Question about training time on NuScenes #34

dabi4256 · 2023-06-30T12:45:05Z

    您好，我自己用完整的nuScenes数据集训练，显卡是两张3090， BATCH_SIZE_PER_GPU=8，用的是‘cbgs_voxel0075_voxelnext.yaml’配置文件。训练时间稳定的话大概是200个小时，这是正常的吗。

The text was updated successfully, but these errors were encountered:

yukang2017 · 2023-06-30T13:42:55Z

你好，感觉不是很正常。我用4卡V100，BATCH_SIZE_PER_GPU=4. 训练大概2天多点。我猜测可能训练速度瓶颈在dataloader的数据读取上。

dabi4256 · 2023-07-01T01:50:08Z

你好，感谢你的回复。
请问这个时间是实际跑完需要2天，还是程序给出的预估时间。我代码还没有训练完，只是看到程序给出的时间是200个小时。
而且，我用双卡3090跟单卡3090的预估时间差别不大。

yukang2017 · 2023-07-01T15:27:36Z

你好，我预估时间和实际时间基本差不多。

learnuser1 · 2023-07-06T08:53:49Z

    您好，我自己用完整的nuScenes数据集训练，显卡是两张3090， BATCH_SIZE_PER_GPU=8，用的是‘cbgs_voxel0075_voxelnext.yaml’配置文件。训练时间稳定的话大概是200个小时，这是正常的吗。
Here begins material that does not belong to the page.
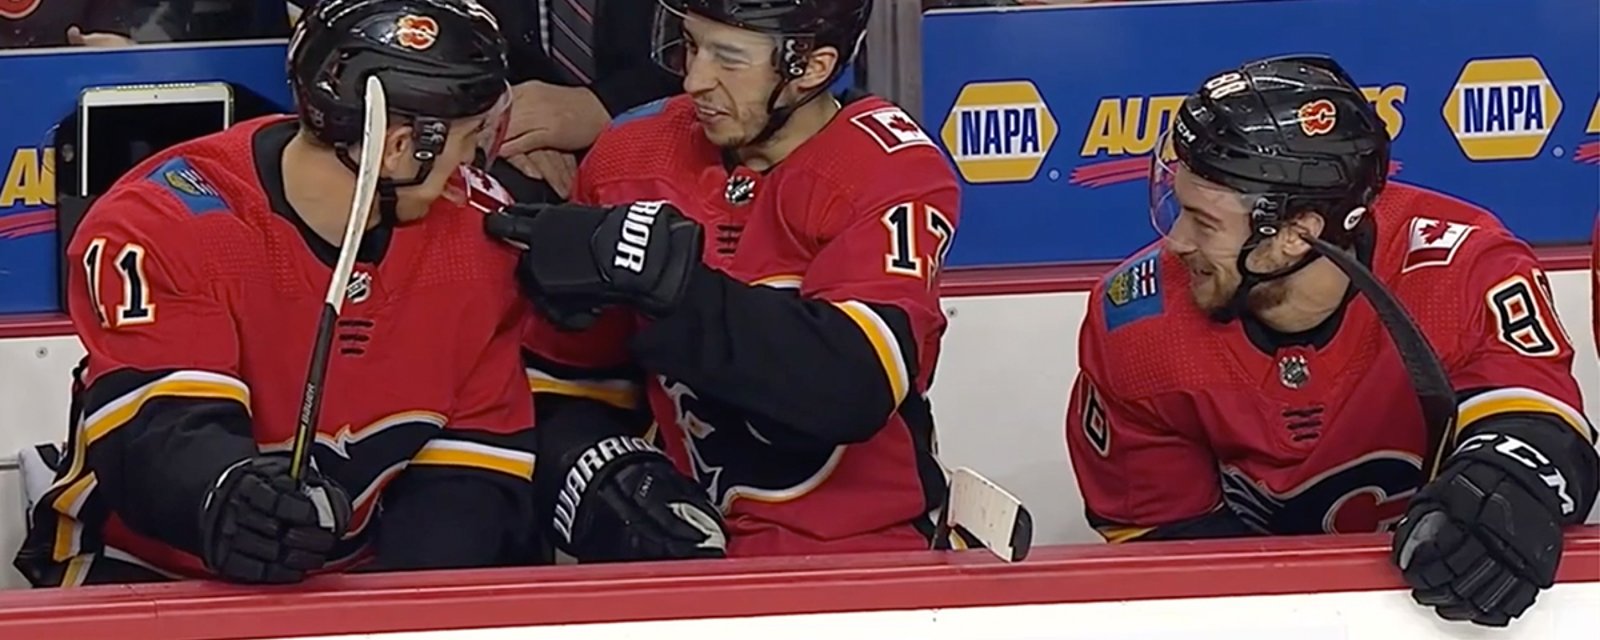 Johnny Gaudreau channels his inner Oprah on the Flames bench.

你好，这个自己训练的话效果跟原论文比的话怎么样。然后这个模型跟centerpoint比的话要好很多嘛

dabi4256 · 2023-07-06T09:04:17Z

    您好，我自己用完整的nuScenes数据集训练，显卡是两张3090， BATCH_SIZE_PER_GPU=8，用的是‘cbgs_voxel0075_voxelnext.yaml’配置文件。训练时间稳定的话大概是200个小时，这是正常的吗。
你好，这个自己训练的话效果跟原论文比的话怎么样。然后这个模型跟centerpoint比的话要好很多嘛

我的机器跑的很慢，20个epoch还没跑完。但是我测试了第10个epoch，mAP已经到了59.32了。CenterPoint我没跑过，但是论文里面写的是CenterPoint的mAP为 58.6.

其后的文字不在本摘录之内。